Even during the long English colonial period, a lot of traditions or cultural elements or even economic features that were created by the Dutch in their brief period from the 1620s to 1664 or 1674, depending on how you count it, they lived on. And one of the things that was a conscious decision by the English governors was to disrupt as little as possible of the existing society and culture and economy. So the Dutch language continues and so do certain sort of civil and political rights that people were accustomed to having, the white people of New Amsterdam.
It also has a very different and complicated and extremely fraught history with the Native people who were here first and also with the enslaved population and under the British, grows to be the largest slaving holding city in the North and the centre of urban slavery in a lot of ways. So it's all very complex and entangled with each other. One of the things that's often touted is that there's a Dutch tradition of toleration that infuses New York. I think that can be overstated. Though, there are some threads that you can examine that are about the particularities of how New York evolved from being a Dutch colony to a British colony to an independent city that has a particular character because of its Dutch origins.
Greg Clark
Sarah, thank you. Would you mind if we just spent one moment on two key points that you've just mentioned and just give them your take? What was it about that place, Manhattan, that led to an Indigenous settlement being there? And if you like, what do we know about that that's important for understanding New York today? And then I guess the second question is just to kind of invite you to amplify a bit more about slavery and the role of New York in that.
Sarah Henry
Sure. All right, let's do this. Doing this quickly in a compressed way is a fun challenge.
Greg Clark
It's tricky.
Sarah Henry
No, it's good.

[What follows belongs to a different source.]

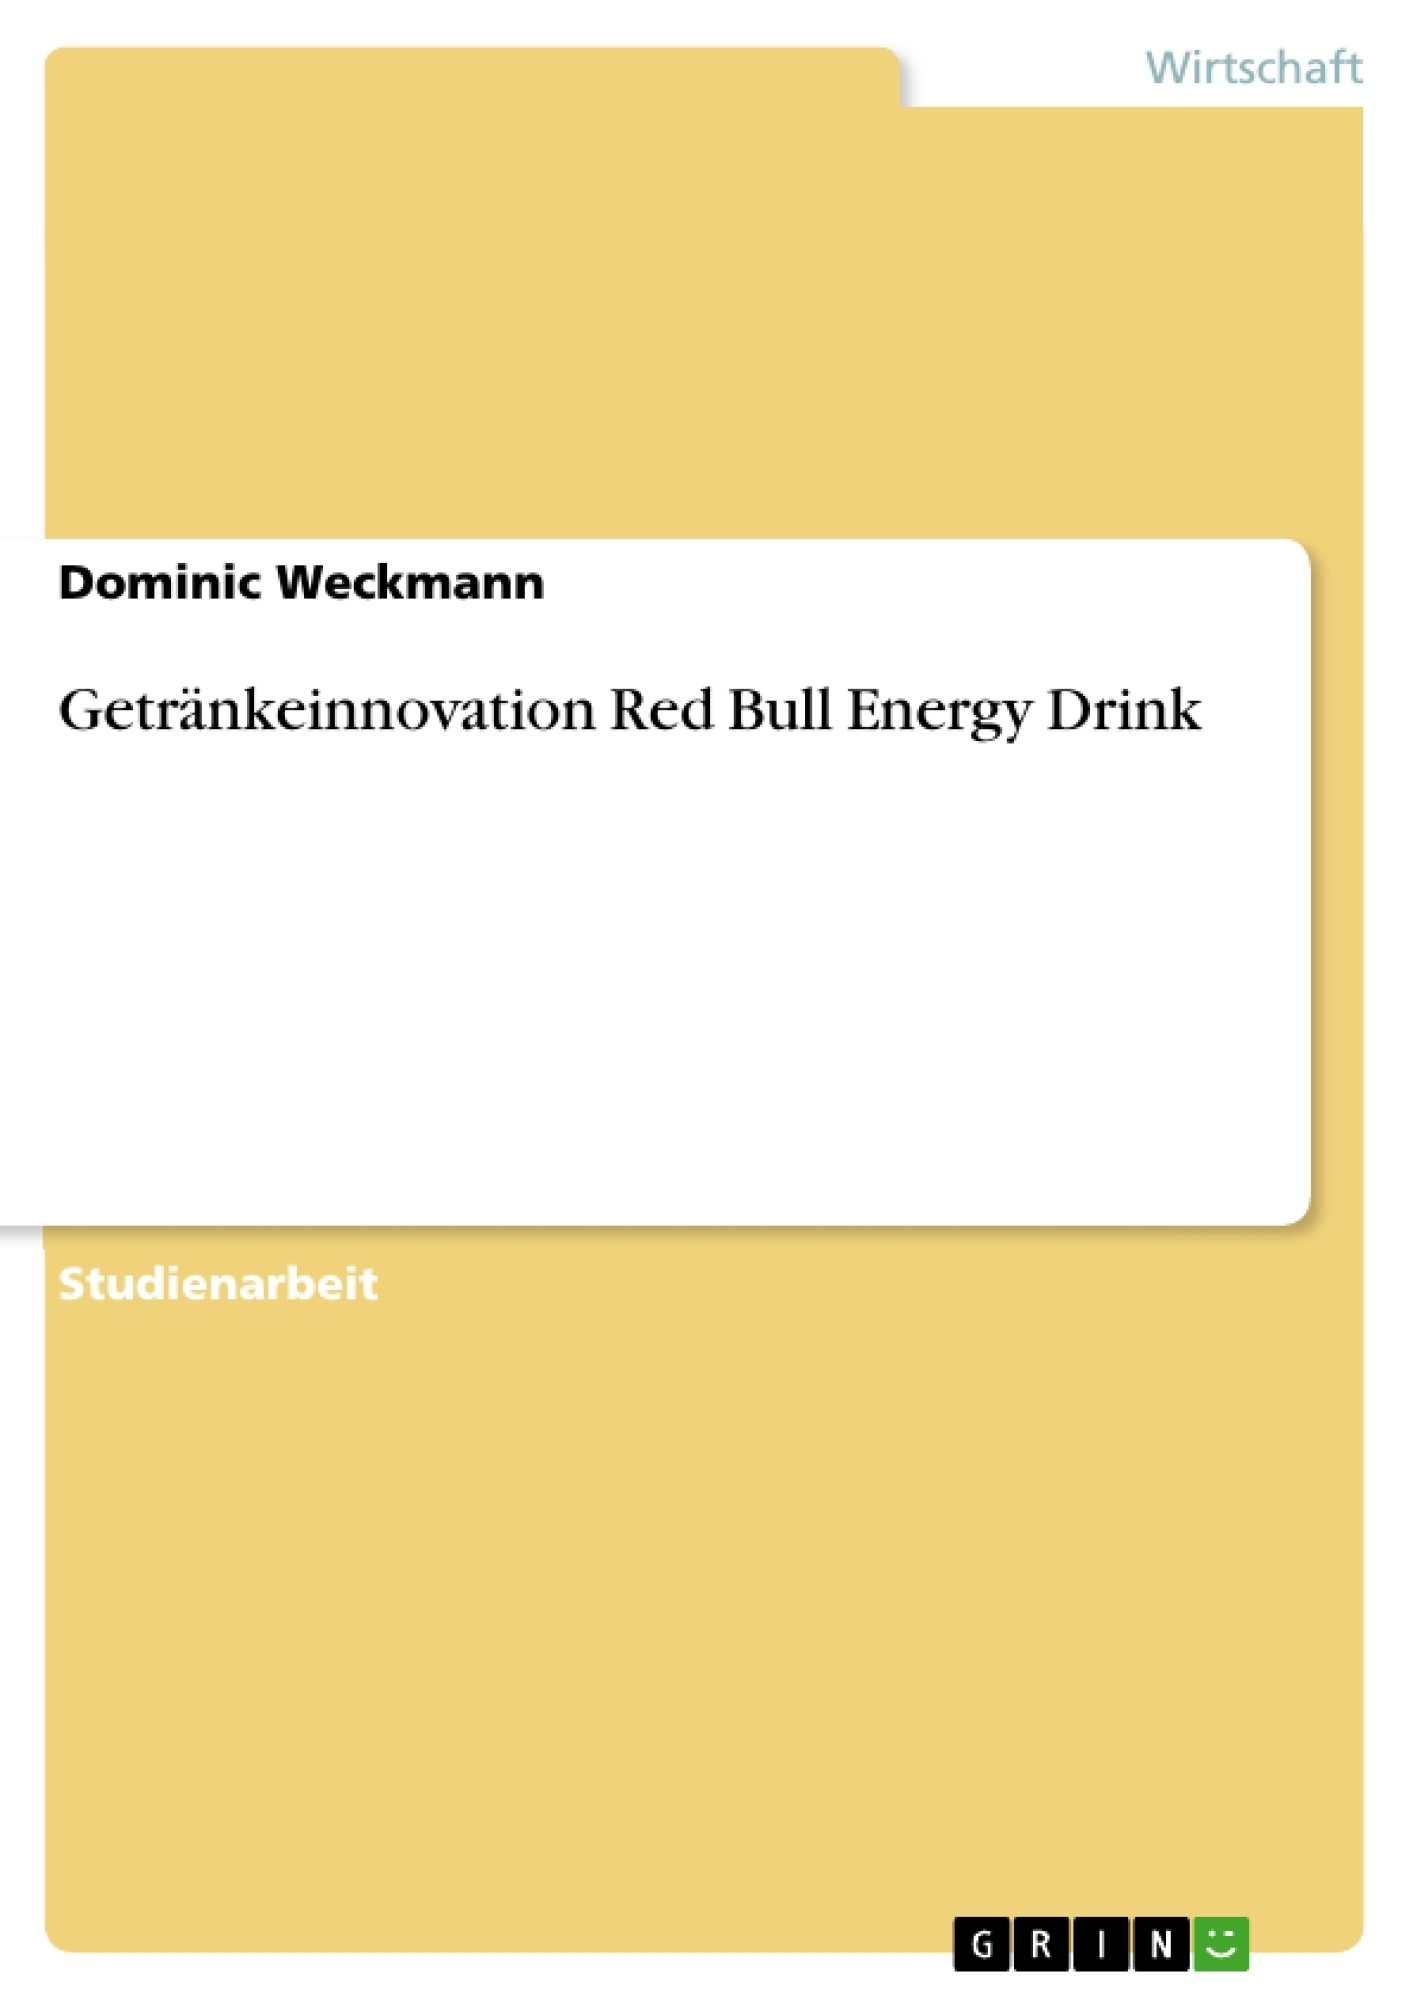 Titel: Getränkeinnovation Red Bull Energy Drink

So the people who inhabited the area that we now call New York and the broader region around New York were Munsee people called the Lenape, and they recognised the rich resources and value of the place that the Dutch and then, later, English colonised. The importance of the waterways, the incredible fertility of the water, for example, and of the land. And the ways that they use the land and the ways that they connected with the economy of the region and of the continent are complicated. And they have often been erased from the narrative and erased from the history, and there's been incredible good work being done to retrieve and recover those histories more than we can talk about in this compressed time.

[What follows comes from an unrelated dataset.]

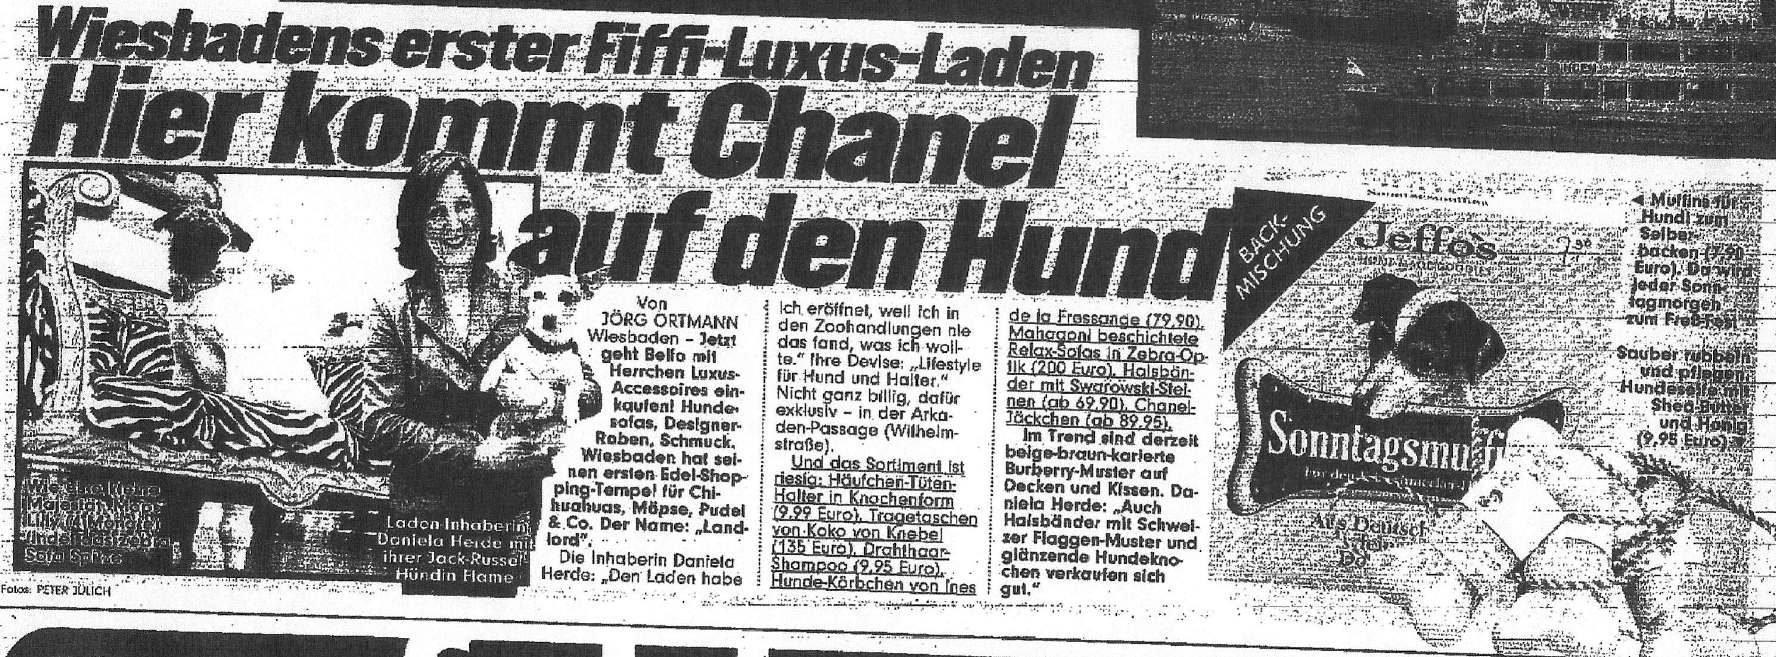 Presseschau Bild 6-2006

But one of the things that we do at the Museum of the City of New York in our core exhibition, which is called New York at its Core, is we've mapped the physical, demographic and economic landscape of the Lenape era and shown, for example, that they're incredibly complicated and rich trading routes that connect the harbour that we now call New York to nations that are far away, bringing materials and presumably ideas and cultural exchange in and out of the city. So you see the role of the economy, money – what we put under, in a European way, the title ‘money’ – diversity with all the different Native nations and bands and tribes that are moving through the area and creating treaties and commerce and exchange, the ways that the Native people changed and used the land and lived upon it and with it. For example, one of my colleagues and one of our great advisers, Eric Sanderson of the Mannahatta and Welikia projects at the Wildlife Conservation Society, likes to say that for the Lenape, uptown was downtown. So the major settlements were really located in what we would now call Harlem, though there have been lots of different areas of habitation that have been documented all across what is now the five boroughs, and that there was an area called the Harlem Plains which was created through the management of the landscape. And so the use of fire to burn lands and make areas that can be used both for hunting and for agriculture was important. So it's a very multi-layered story about how human society functioned for hundreds and thousands of years before the Europeans came.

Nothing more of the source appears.